Keep in mind that most corporate tax benefits flow to
profitable, established corporations, not to start-ups in their first few
years. For example, corporations can offer more tax-flexible pension plans than
sole proprietors or partnerships, but few start-ups have the cash flow needed
to take advantage of these tax breaks.
Similarly, the ability to split income between a corporation
and its owners -- thereby keeping some income in lower corporate tax brackets
-- is effective only if the business is solidly profitable.
In addition, incorporating adds state fees, as well as legal
and accounting charges. Therefore, unless you are sure that substantial profits
will begin to roll in immediately, you may want to hold off incorporating your
business.
Is it safe and sensible for me to
keep my own books and file my own tax returns?
To keep your own books, consider using a check-register type
computer program such as Quicken Home
& Business or QuickBooks (by Intuit) to track your expenses. If you are
doing your own tax return, use the companion program, TurboTax.
To make sure you are on the right track, it is a good idea
to run your bookkeeping system by a well-informed, small business tax pro. With
just a few hours of work, he or she should help you avoid most common mistakes
and show you how to dovetail your bookkeeping system with tax filing
requirements.
When your business is firmly in the black, consider hiring a
bookkeeper, to take care of your day-to-day payables and receivables, and an
outside tax pro, to handle your heavier-duty tax work. Not only are a tax pro's
fees a tax-deductible business expense, but chances are your business will
benefit if you put more of your time into running it and less into completing
routine paperwork.
I need to hire people quickly for a
big job coming up. Should I hire independent contractors or new employees?

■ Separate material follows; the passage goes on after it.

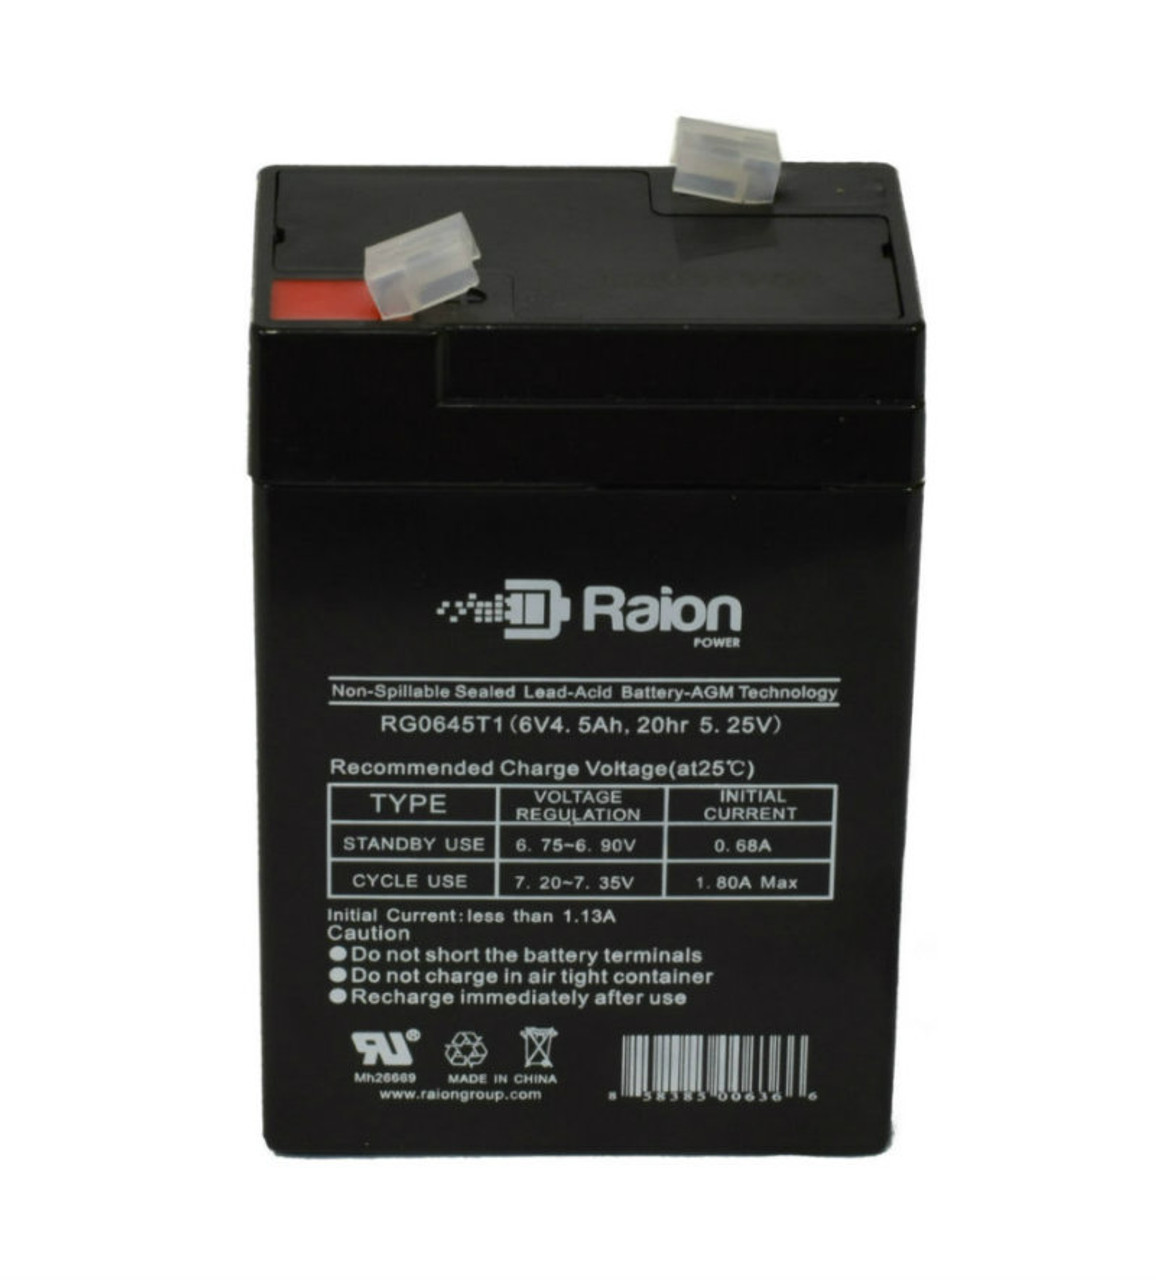 Raion Power RG0645T1 Replacement Battery Cartridge for RiiRoo 6V ATV Quad Bike

If you will be telling your workers
where, when, and how to do their jobs, you should treat them as employees,
because that is how the IRS will classify them. Generally, you can treat workers as
independent contractors only if they have their own businesses and offer their
services to several clients -- for example, a specialty sign painter with his
own shop or a freelancer who works for many clients. If in doubt, err on the
side of treating workers as employees.
While classifying your workers as contractors would save you
money in the short run (you wouldn't have to pay the
employer's share of payroll taxes or have an accountant keep records and file
payroll tax forms), it may get you into big trouble if the IRS later audits
you. The IRS may reclassify your "independent contractors" as
employees and assess hefty back taxes, penalties, and interest against you.